Some kind of error will appear in standard error, so if this bothers you,
you might want to specify the parser engine even if you're using the standard parser.
# When executed without specifying a parser soup = BeautifulSoup(br.response().read())
It parses fine, but I get the following error:
/usr/local/lib/python2.7/site-packages/bs4/__init__.py:166: UserWarning: No parser was explicitly specified, so I'm using the best available HTML parser for this system ("lxml"). This usually isn't a problem, but if you run this code on another system, or in a different virtual environment, it may use a different parser and behave differently. To get rid of this warning, change this: BeautifulSoup([your markup]) to this: BeautifulSoup([your markup], "lxml") markup_type=markup_type))
To parse HTML using lxml, use the following:
soup = BeautifulSoup(br.response().read(), "lxml")
Return the parsed HTML with Beautiful Soup to Mechanize and continue crawling
where you can't parse HTML with Mechanize, but then use Beautiful Soup to parse it,
only to then navigate to an even later page based on the parsed result.
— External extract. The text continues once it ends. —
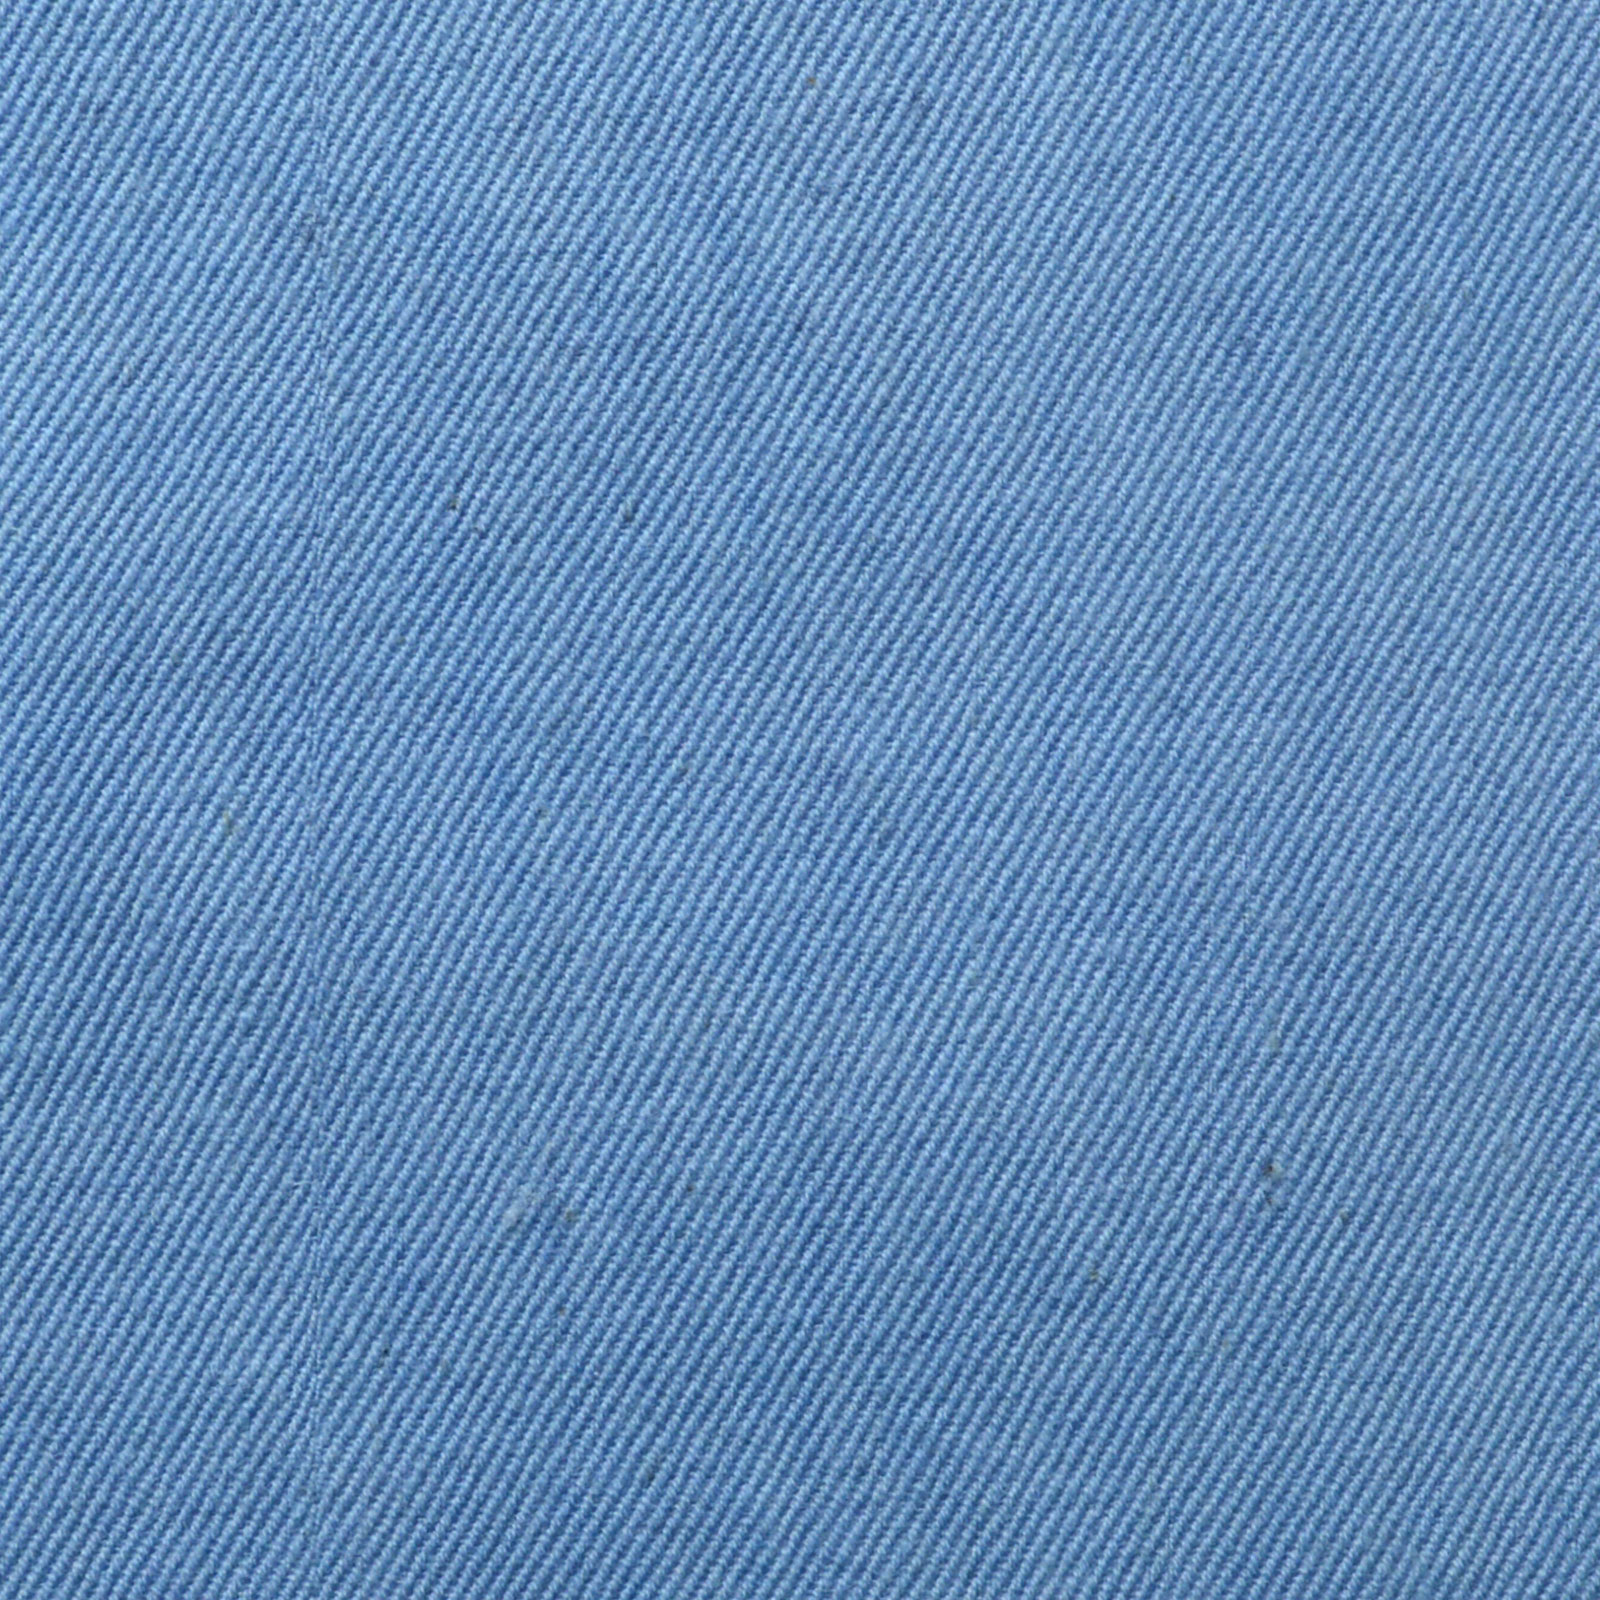 Light Weight Handloom Selvedge Denim 4.5 Oz - Carolina Blue - Fabric Dyed - Natural Indigo

in the following areas, even if you don't fully understand why
it's common to encounter problems such as parsing errors occurring
br.select_form(nr=0) Traceback (most recent call last): File "/home/vagrant/workspace/mechanize_test/test3.py", line 13, in<module> br.select_form(nr=0) File "/usr/local/lib/python2.7/site-packages/mechanize/_mechanize.py", line 499, in select_form global_form = self._factory.global_form File "/usr/local/lib/python2.7/site-packages/mechanize/_html.py", line 544, in __getattr__ self.forms() File "/usr/local/lib/python2.7/site-packages/mechanize/_html.py", line 557, in forms self._forms_factory.forms()) File "/usr/local/lib/python2.7/site-packages/mechanize/_html.py", line 237, in forms _urlunparse=_rfc3986.urlunsplit, File "/usr/local/lib/python2.7/site-packages/mechanize/_form.py", line 844, in ParseResponseEx _urlunparse=_urlunparse, File "/usr/local/lib/python2.7/site-packages/mechanize/_form.py", line 981, in _ParseFileEx fp.feed(data) File "/usr/local/lib/python2.7/site-packages/mechanize/_form.py", line 758, in feed _sgmllib_copy.SGMLParser.feed(self, data) File "/usr/local/lib/python2.7/site-packages/mechanize/_sgmllib_copy.py", line 110, in feed self.goahead(0) File "/usr/local/lib/python2.7/site-packages/mechanize/_sgmllib_copy.py", line 144, in goahead k = self.parse_starttag(i) File "/usr/local/lib/python2.7/site-packages/mechanize/_sgmllib_copy.py", line 302, in parse_starttag self.finish_starttag(tag, attrs) File "/usr/local/lib/python2.7/site-packages/mechanize/_sgmllib_copy.py", line 347, in finish_starttag self.handle_starttag(tag, method, attrs) File "/usr/local/lib/python2.7/site-packages/mechanize/_sgmllib_copy.py", line 387, in handle_starttag method(attrs) File "/usr/local/lib/python2.7/site-packages/mechanize/_form.py", line 735, in do_option _AbstractFormParser._start_option(self, attrs) File "/usr/local/lib/python2.7/site-packages/mechanize/_form.py", line 480, in _start_option raise ParseError("OPTION outside of SELECT") mechanize._form.ParseError: OPTION outside of SELECT
In these cases, parsing usually fails, forcing you to give up and look for other methods. However
, if you first have Beautiful Soup analyze it, extract and process only the necessary forms, and then return it to Mechanize, you can proceed smoothly.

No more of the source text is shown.